[Data items]
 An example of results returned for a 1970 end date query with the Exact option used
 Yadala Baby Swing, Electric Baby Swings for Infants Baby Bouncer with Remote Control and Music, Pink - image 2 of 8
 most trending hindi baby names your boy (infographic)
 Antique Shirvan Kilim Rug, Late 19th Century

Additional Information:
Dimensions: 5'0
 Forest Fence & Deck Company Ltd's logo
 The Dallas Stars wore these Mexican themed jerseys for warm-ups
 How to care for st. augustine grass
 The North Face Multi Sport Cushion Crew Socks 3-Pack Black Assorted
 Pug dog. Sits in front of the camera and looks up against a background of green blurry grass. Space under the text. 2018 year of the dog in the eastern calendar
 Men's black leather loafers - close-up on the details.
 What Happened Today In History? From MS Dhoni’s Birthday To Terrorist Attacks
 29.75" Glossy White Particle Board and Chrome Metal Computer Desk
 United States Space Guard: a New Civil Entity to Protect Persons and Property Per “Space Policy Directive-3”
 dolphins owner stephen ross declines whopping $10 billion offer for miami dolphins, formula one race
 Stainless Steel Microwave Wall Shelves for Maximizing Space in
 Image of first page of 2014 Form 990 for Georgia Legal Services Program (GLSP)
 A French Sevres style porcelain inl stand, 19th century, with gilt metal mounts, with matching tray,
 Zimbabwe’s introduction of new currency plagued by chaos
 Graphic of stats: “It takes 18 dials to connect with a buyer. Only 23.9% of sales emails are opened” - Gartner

_TASK INSTRUCTIONS:_ Filter the records above down to the lines that hold the string "grass".

_RESPONSE TO THE EXERCISE:_
 How to care for st. augustine grass
 Pug dog. Sits in front of the camera and looks up against a background of green blurry grass. Space under the text. 2018 year of the dog in the eastern calendar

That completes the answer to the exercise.